*Your instructions*
From the line that holds "AherBiu Tank Tops" down to the last line of the listing below, transcribe exactly and only those lines. Leave pictures out.
═════ Information shown ═════
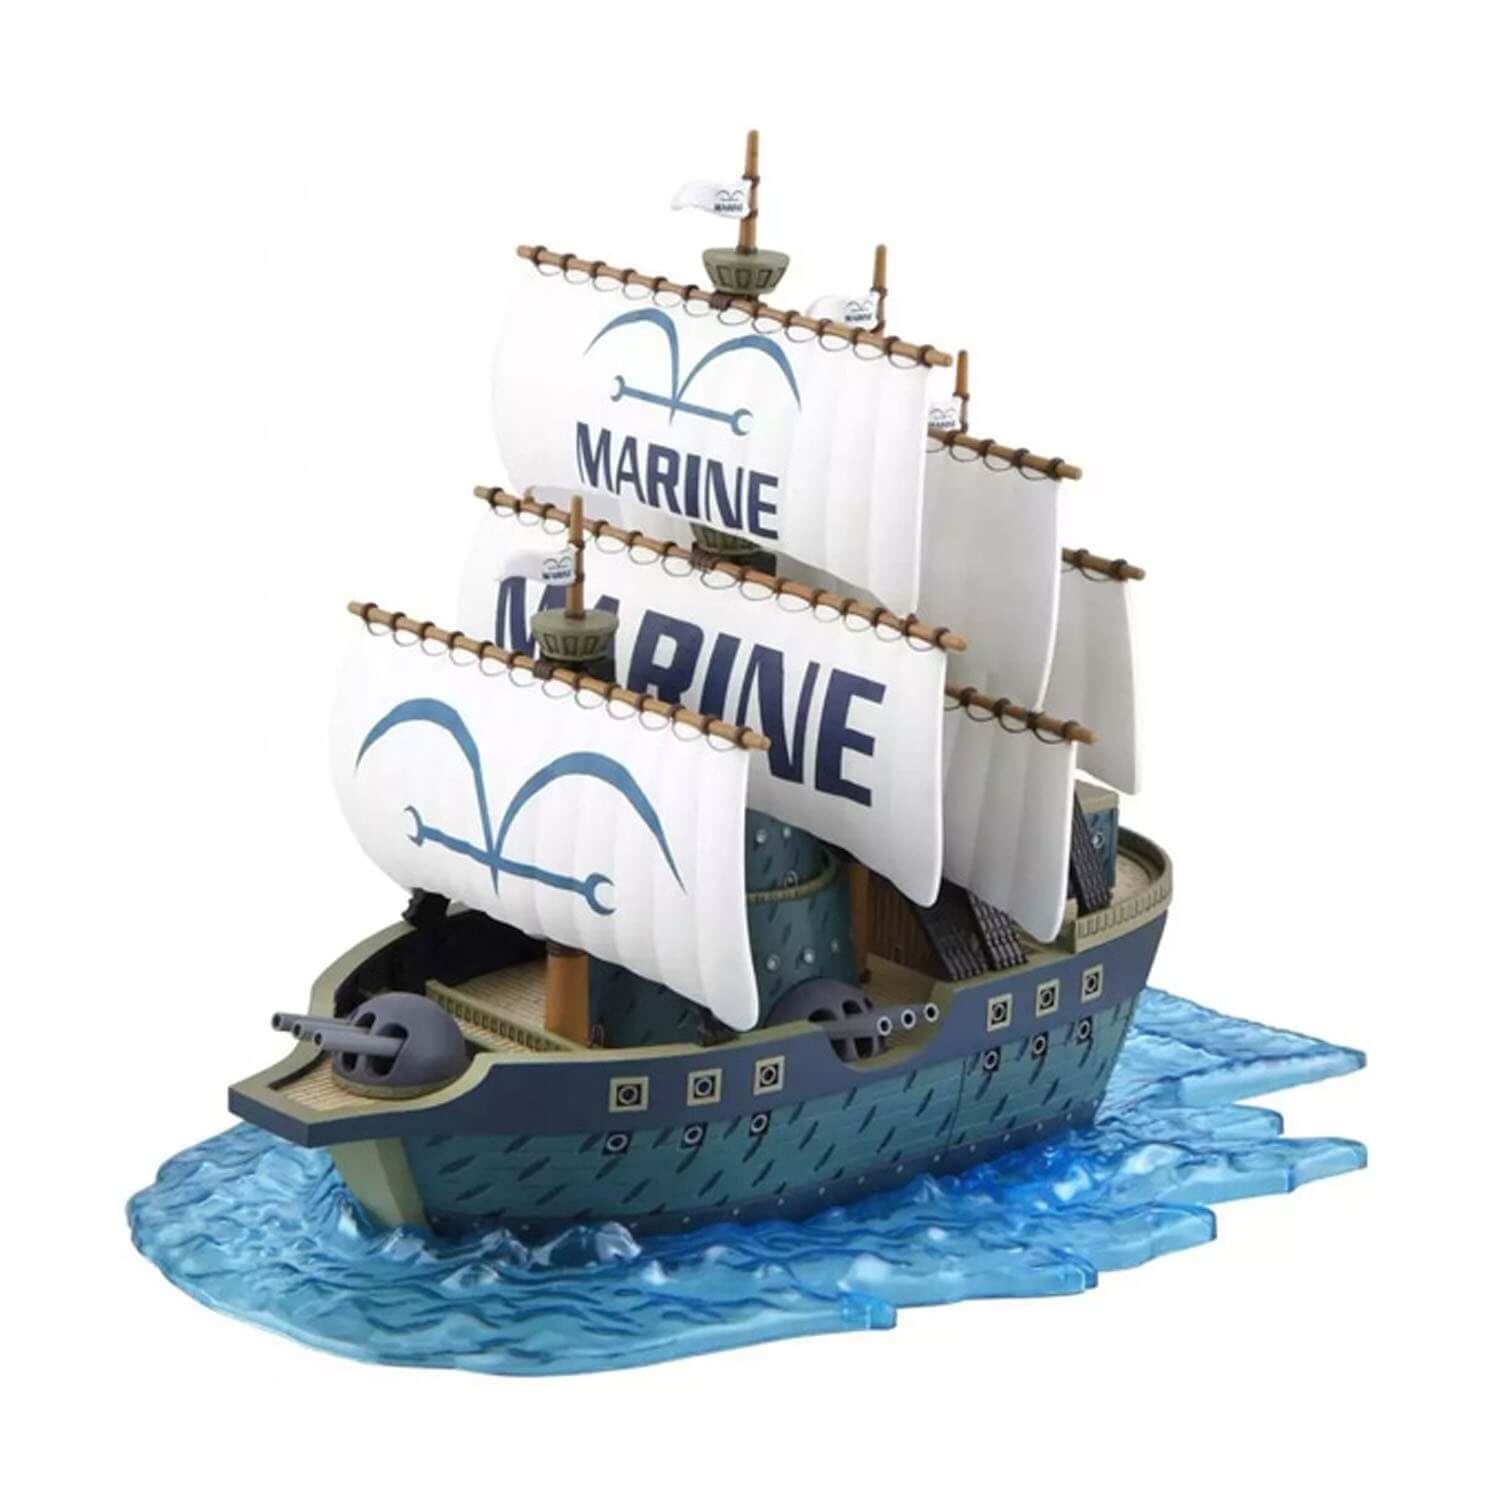 Maquette One Piece - Marine Ship Grand Ship Collection 15cm - Banda
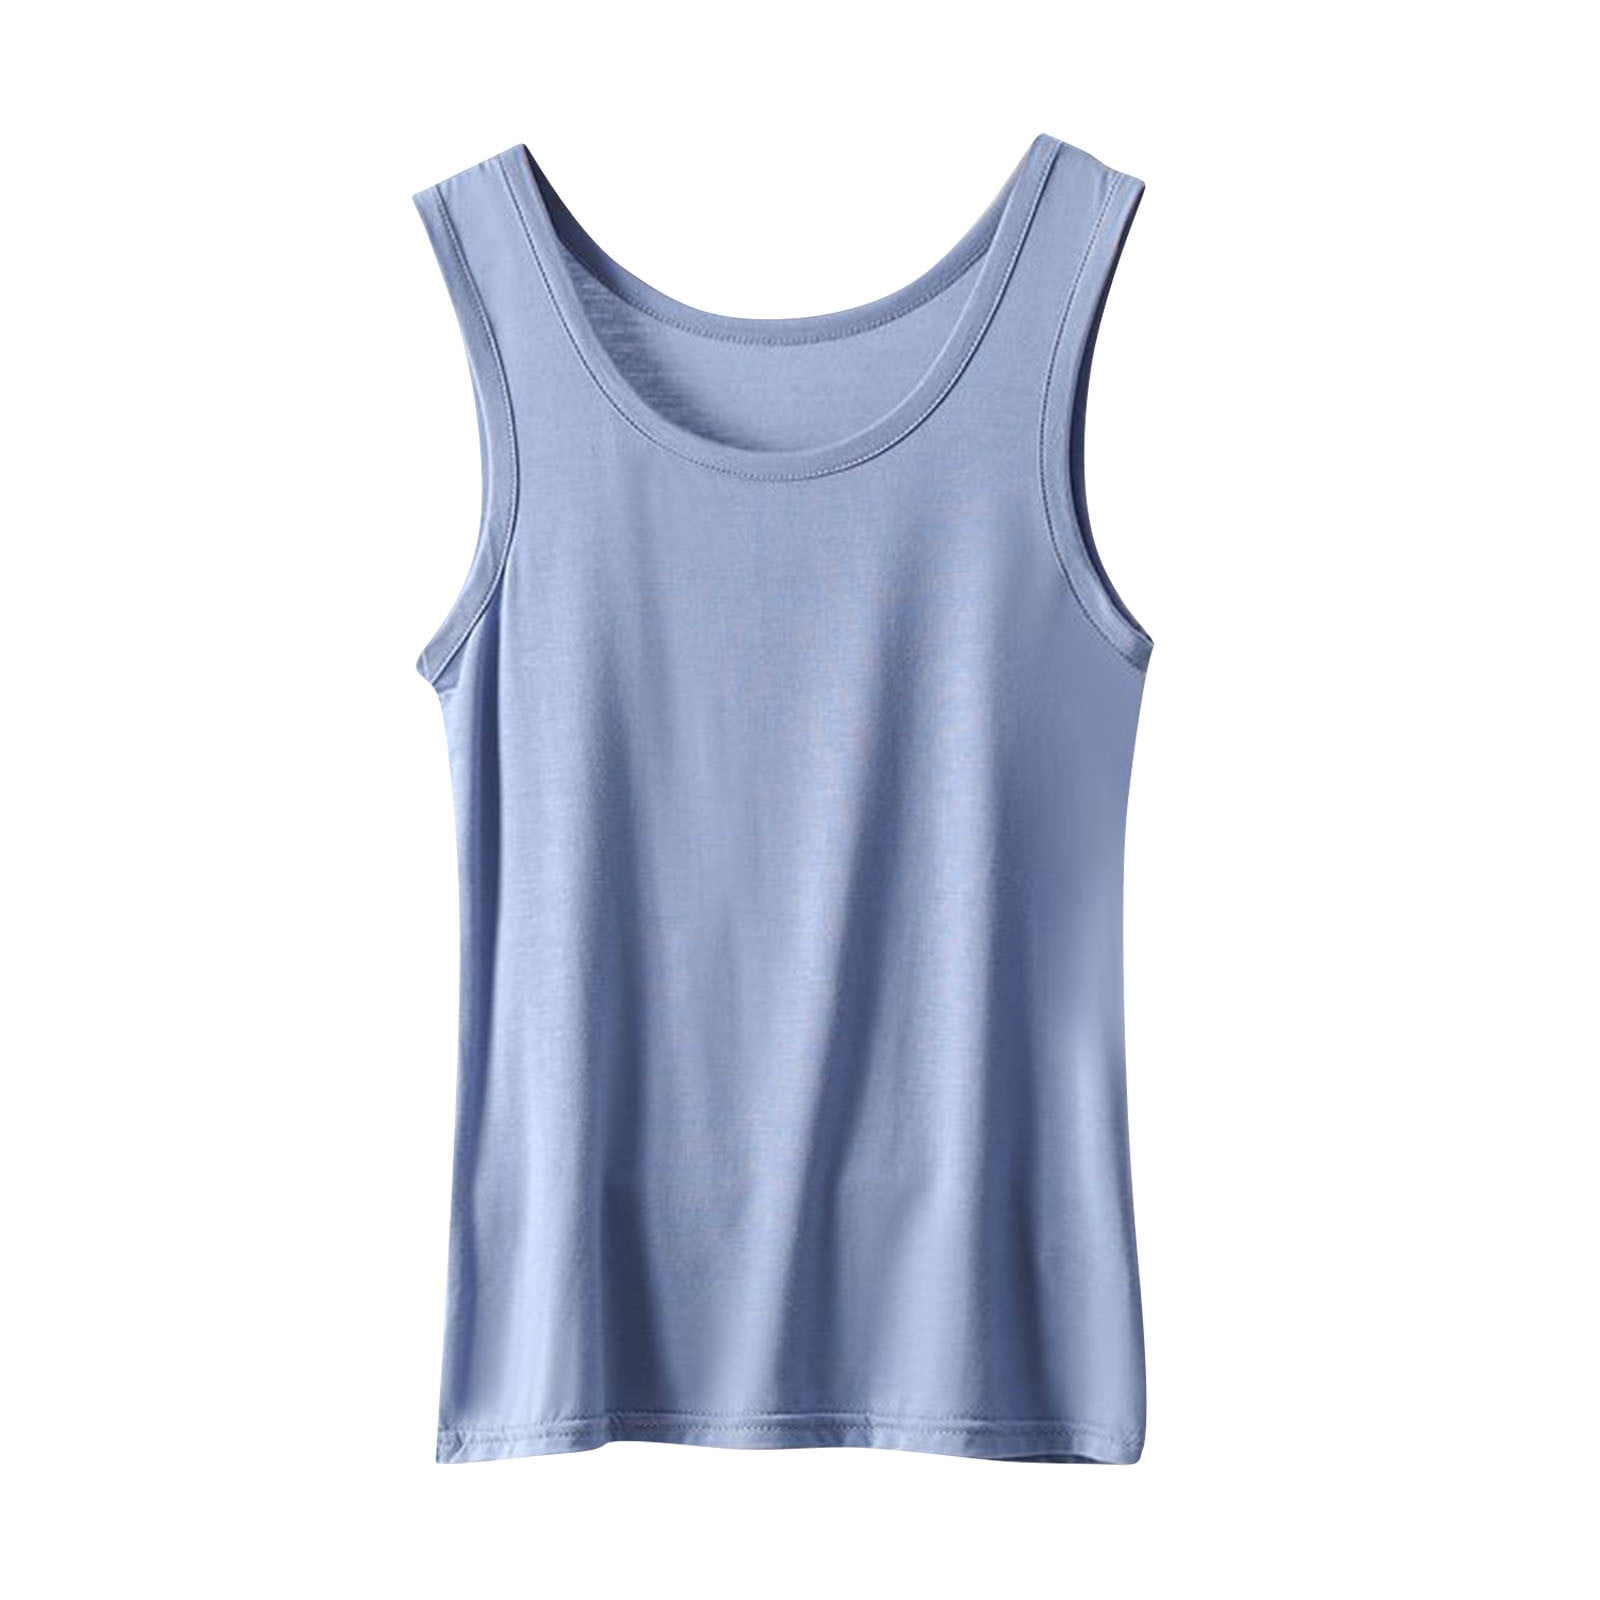 AherBiu Tank Tops for Women Cami Top Tees Shirt Sleeveless Basic Solid ...
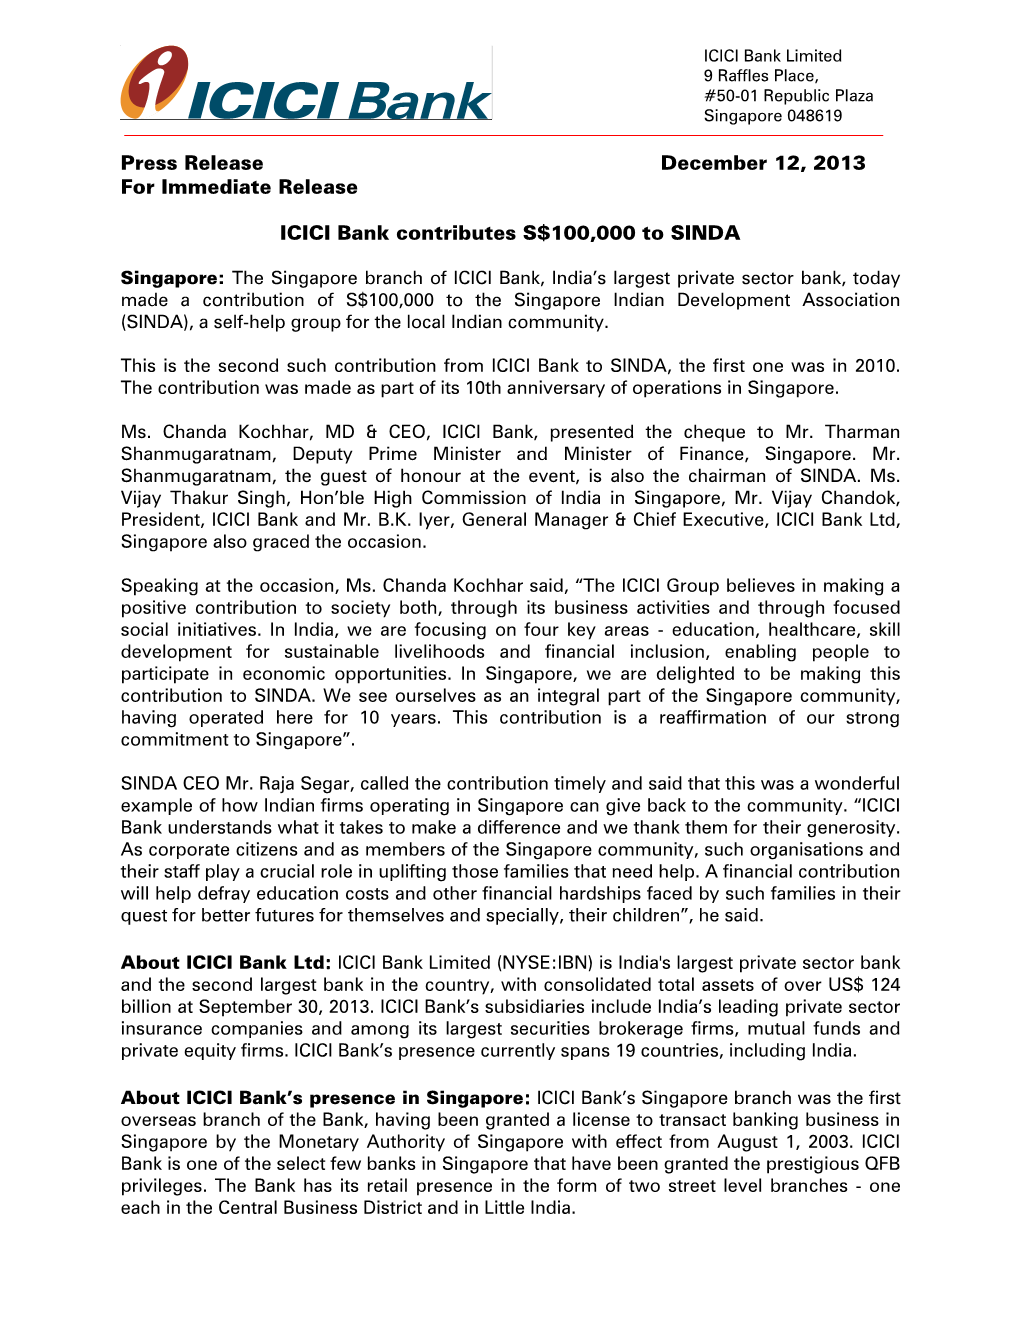 Press Release December 12, 2013 for Immediate Release
═════
*Your solution*
 AherBiu Tank Tops for Women Cami Top Tees Shirt Sleeveless Basic Solid ...
 Press Release December 12, 2013 for Immediate Release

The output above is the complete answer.